“Why don’t it move?” she asked herself.
As she put the question the log did move, borne away by the full current. Mamie, followed by the dog, ran after it, with her eyes aflame with excitement. Dennis barked, divining something uncanny, eager to distract the mind of his mistress from what seemed to be engrossing it. Still she ran on, with her eyes upon the log. The dog knew that she must stop in a moment, that no one could pass the falls unless they went over them. Did he divine also that she meant to go over them—that at last, with her poor, imperfect vision, she had seen that way out of captivity?
She reached the point where farther advance was impossible. To her right rose a solid wall of stone; opposite rose its twin; between the two the river rushed tumultuously, tossing the great logs hither and thither as if they were spilikins.
Mamie watched her own log. After its goadings it kept a truer course than most of its fellows. But she had outstripped it. Standing upon the edge of the precipice, feeling the cold spray upon her face, hearing the maddening roar of the monster below, less to be feared than that other monster from whom she realised that she had escaped, she waited for the final plunge....

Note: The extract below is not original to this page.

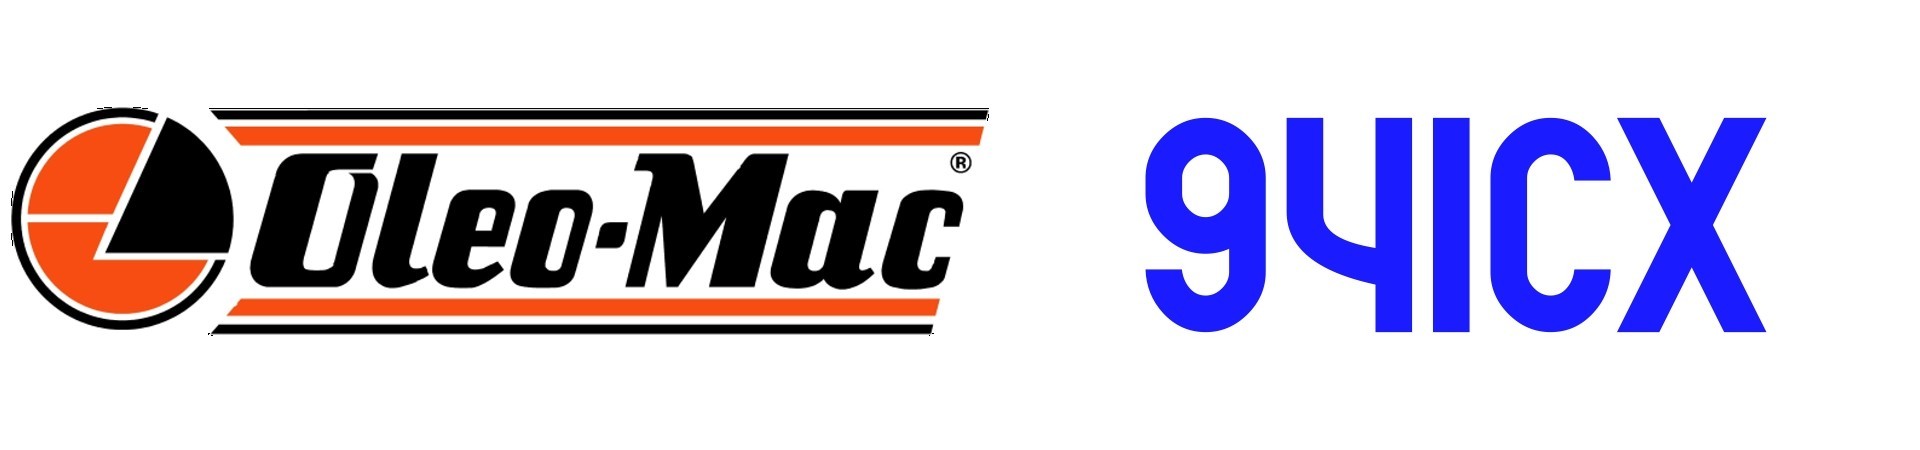 RECAMBIOS Motosierra Oleo Mac 941CX al Mejor PRECIO

What was passing in her mind at this supreme moment? We may well believe that she saw clearly the past through the mists which obscured the future. Always she had been a log at the mercy of a drunken father. Her mother had died in giving birth to her, but she knew vaguely that this mother was a Church member. She did not know—and, knowing, could never have understood—that from her she had inherited a conscience—or shall we call it an ineradicable instinct?—which constrained her to turn aside, shuddering, from certain temptations, to obey, without reasoning, certain ethical laws, solemnly expounded to her by a Calvinistic grandmother. But Nature had been too much for her. Even as she had turned instinctively and with horror from the breaking of a commandment, so also she had selected the mate who possessed in excess the physical qualities so conspicuously lacking in her. She had fallen a victim, and a reluctant victim, to the law of compensation. When Tom Barker held up his finger and whistled, she crawled to him.
The log, slightly rolling, as if intoxicated, neared the brink of the falls. And then it stopped again, where the river was narrowest and the current strongest. No log had stopped in this place before; Mamie saw that it was caught by a small rock, and held fast by the other logs behind it.
“It won’t go over,” she murmured.
Within a minute a terrific jam impended. Across the river Tom was swearing horribly; and between husband and wife rose a filmy cloud of spray upon which were imprinted the mysterious colours of the rainbow, which, long ago, Mamie had been taught to regard as the most wonderful symbol in the world—God’s promise that in the end good should triumph over evil.